> _What is needed_:
Make an exact copy of the lines from the one containing "IMIBIC Researchers create" through the end of the material, including both ends but no pictures.

> _Data segment_:
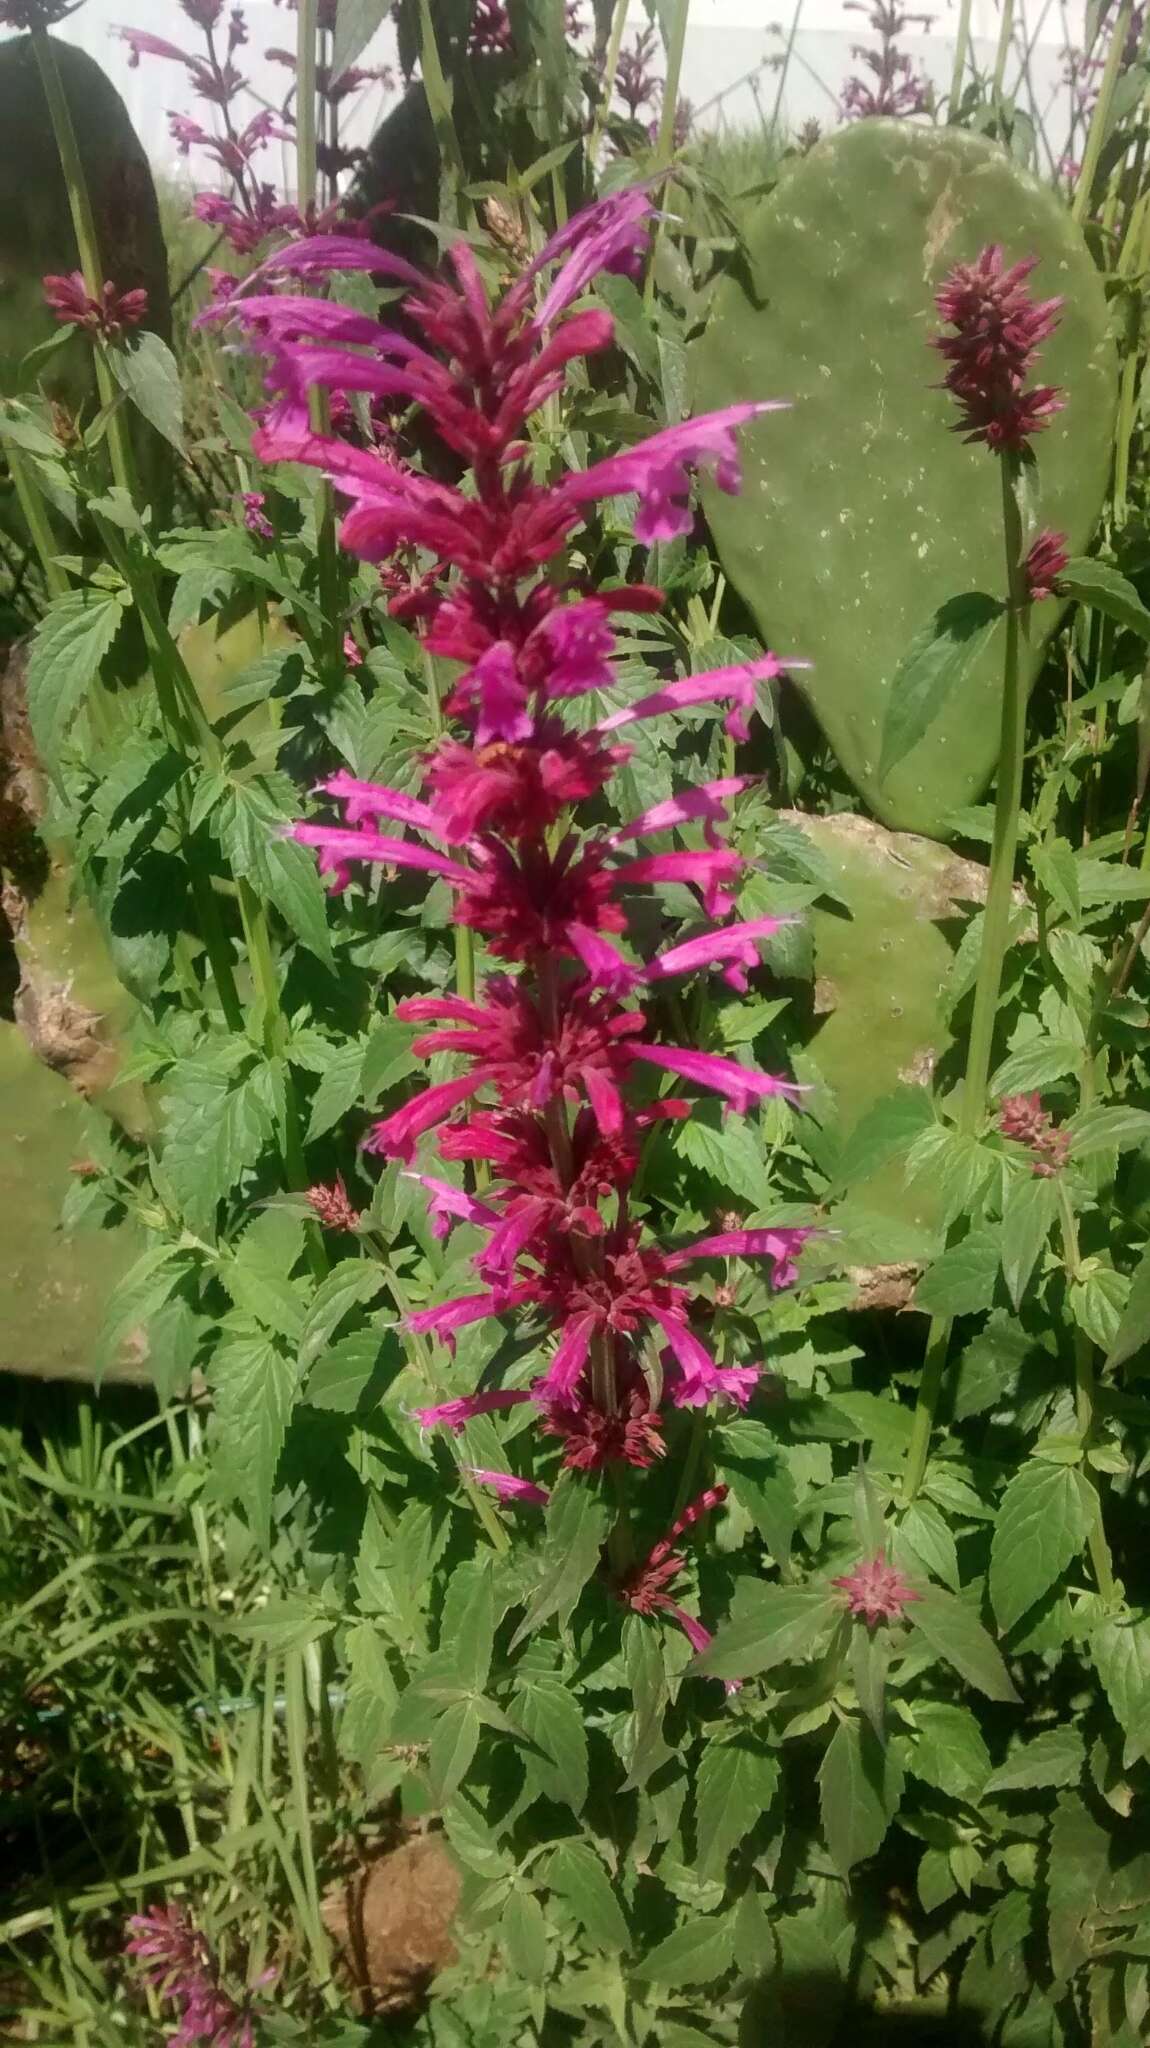 Image of Mexican giant hyssop
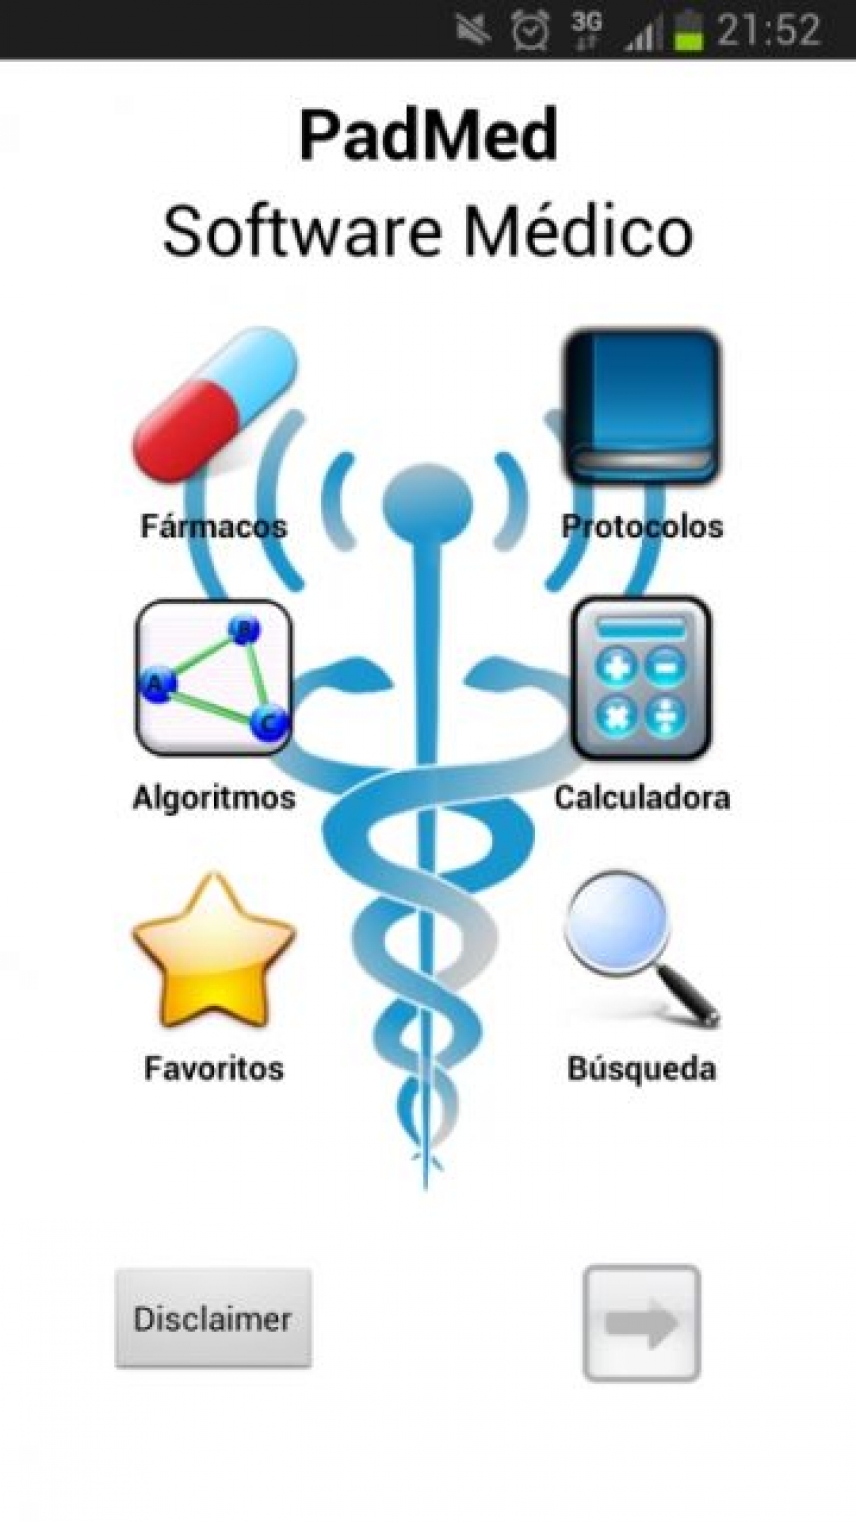 IMIBIC Researchers create PadMed, a mobile application to facilitate daily medical practice
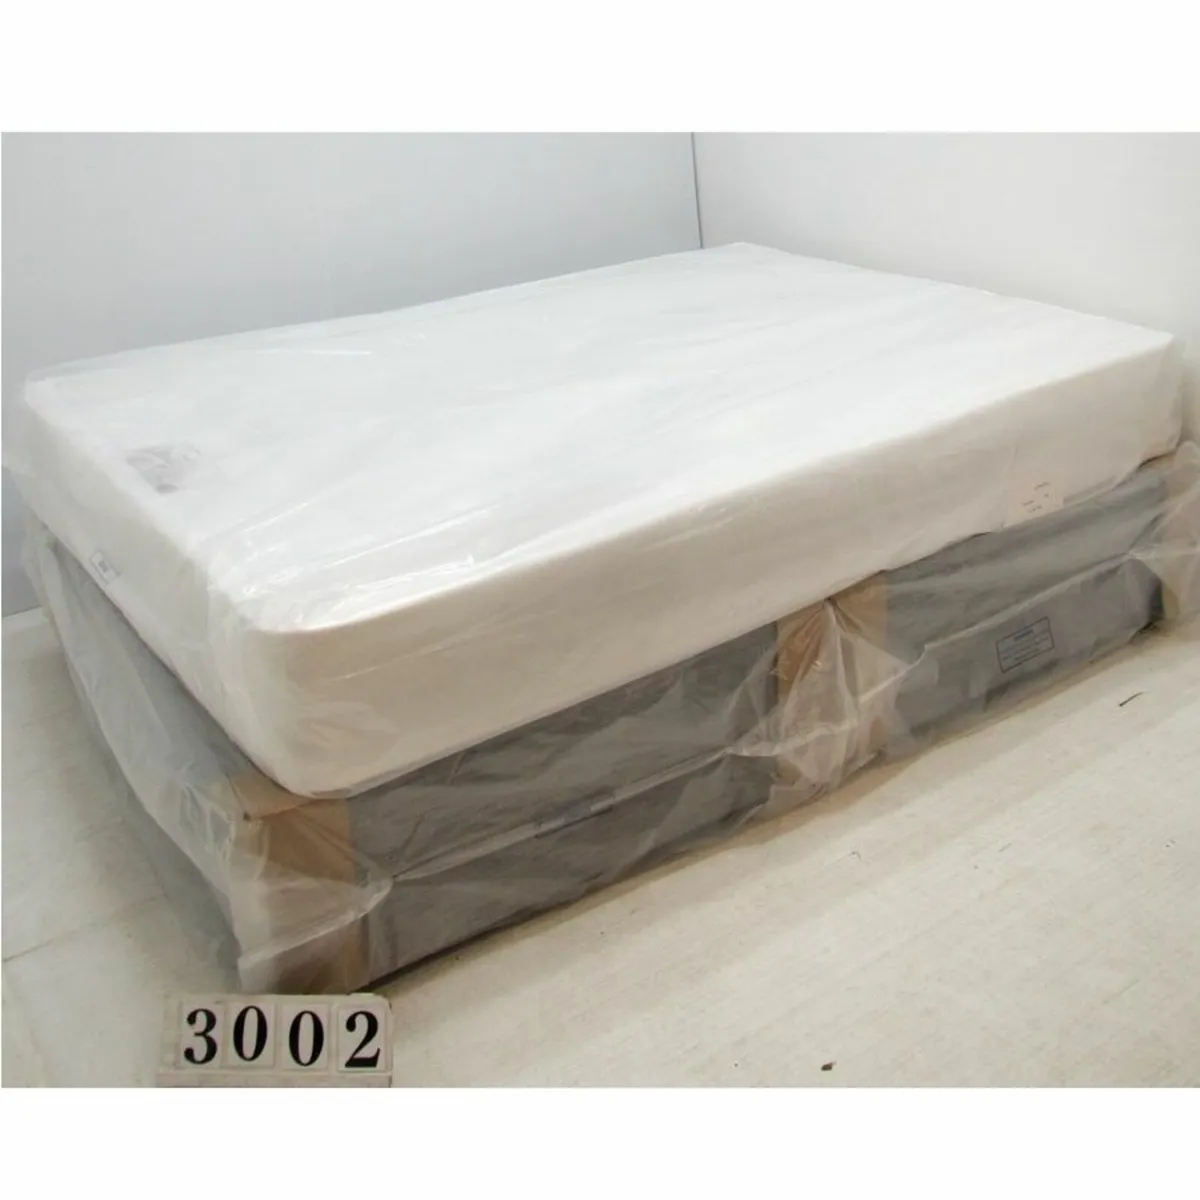 #3002  New Good Knight double bed and mattress

> _Exercise result_:
 IMIBIC Researchers create PadMed, a mobile application to facilitate daily medical practice
 #3002  New Good Knight double bed and mattress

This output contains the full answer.